Based on the content of the foregoing embodiment, in this embodiment, the inputting the real-time state information and the device parameters of each energy router in the energy internet and the newly added load into the deep reinforcement learning model to obtain an optimal power supply energy router and energy routing path includes:
inputting the real-time state information and equipment parameters of each energy router in the energy Internet and the newly added load into the deep reinforcement learning model, and performing feature extraction on the input by a graph convolution neural network to obtain features F of each nodej,j=1,...N;
F of all nodes by reinforcement learning Q networkjFor input, an evaluation value Q with each node as a supply node is obtainedjAnd selecting the node with the largest evaluation value as the energy supply node nsource;
The operator network will FjAnd nsourceThe input is the route a of the next energy transfer, and the output is the route a of the next energy transfer;
critic network will FjAnd nsourceFor input, an evaluation v(s) of the current energy internet status is given.
In this embodiment, it should be noted that the deep reinforcement learning model takes real-time status information of each energy router of the energy internet, device parameters, and a newly added load of a certain node as input. First, the neural network G (theta) is mappedG) Carrying out feature extraction on the input to obtain the feature F of each nodejJ is 1. Then reinforcement learns the Q network Q (theta)Q) With F of all nodesjFor input, an evaluation value Q with each node as a power supply node is obtainedjThe node with the largest evaluation value is selected as the power supply node nsource. actor network pi (· | s;. theta)a) With Fj and nsourceFor input, the action output is the route a for the next energy transfer. criticc network V (s; θ c) by FjAnd nsourceFor input, an evaluation v(s) of the current energy internet status is given.

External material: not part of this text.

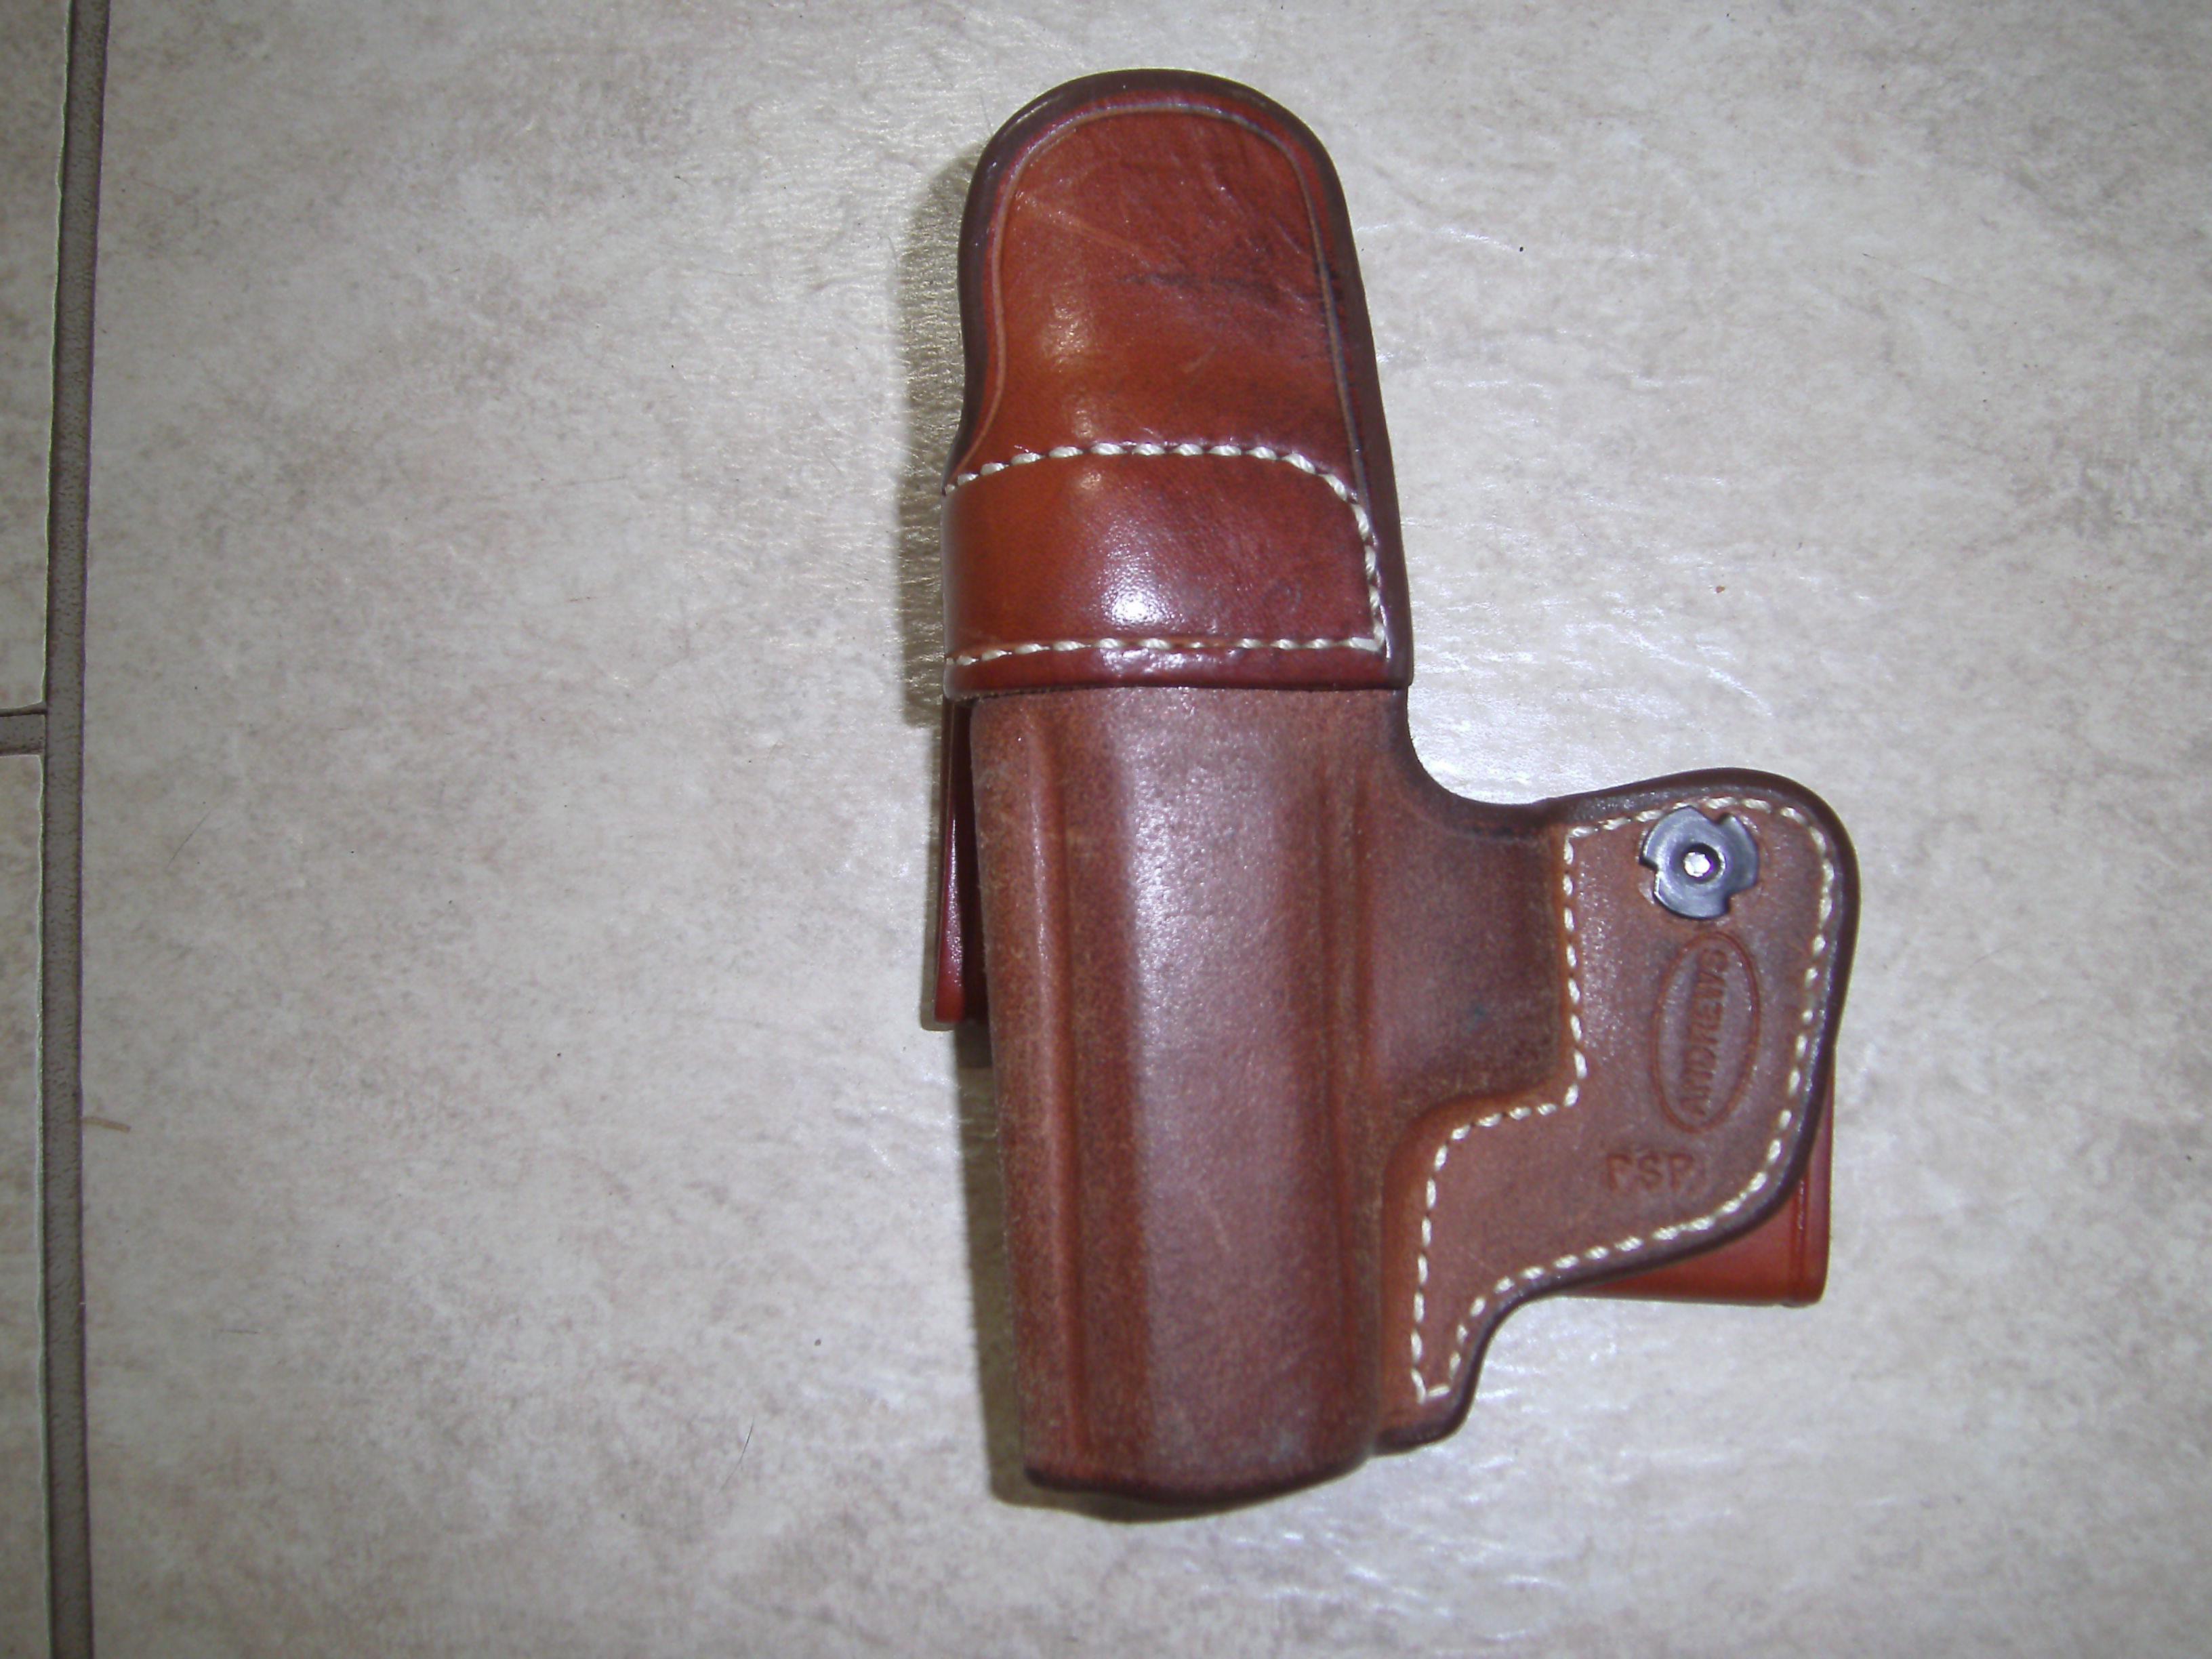 P7 PSP Gunleather for sale-sany1665.jpg

Based on the content of the foregoing embodiment, in this embodiment, the forward propagation and backward propagation processes of the deep reinforcement learning model composed of the graph convolution neural network, the reinforcement learning Q network, the actor network, and the critic network include:
historical data s (t) of M time nodes according to initial state data seti) Each state sample initial value s in M, at random energy router node nloadIncreasing the load Δ P and performing the following steps:
respectively sending the comprehensive information of the N energy routers into N nodes of the graph convolution neural network for feature extraction to obtain features F of the N energy routersj,j=1,...N;
F is to bejN, and obtaining a Q value Q of each energy router node by using a Q networkjN, and a true Q value Q 'is calculated from the evaluation Q function of each power supply node'jN, according to a mean square error loss function: epsilon (theta)Q)=∑(Qj-Q′j)2Updating Q network parameter thetaQAnd neural network parametersNumber thetaG;
Selecting the node with the maximum Q value as a power supply node nsourceThen, the following steps are repeated to train the operator network and the critic network:
f is to bejN and a selected supply node NsourceUsing the operator network pi (· | s; theta) as inputa) Determining action a, and calculating the R value R(s) of the action by a reward R function;
performing action a, transferring energy to the next energy router node nsource', obtaining the energy internet state s ' at the next moment, and sending s ' into the graph convolution neural network to obtain Fj′,j=1,...N;
F is to bejN and F, j ═ 1jN is substituted into the criticc network to calculate estimates V(s) and V (s') of the cost function, and TD error δ is calculated:
δ=R(s)+γV(s)-V(s′);
updating the operator network parameter and the graph neural network parameter theta according to the TD error deltaG:
According to the mean square error loss function: epsilon (theta)c)=(R(s)+γV(s)-V(s′))2Updating critic network parameter thetacAnd the neural network parameter θG:
N is to besource' as a new supply node nsource,Fj' is a novel FjStarting the next cycle until nsourceIs' nload;
When the preset maximum number of training rounds is reached, the training is finished, and the parameters theta of the graph convolutional neural network, the reinforcement learning Q network, the actor and the critic network are returnedG、θQ、θaAnd thetac。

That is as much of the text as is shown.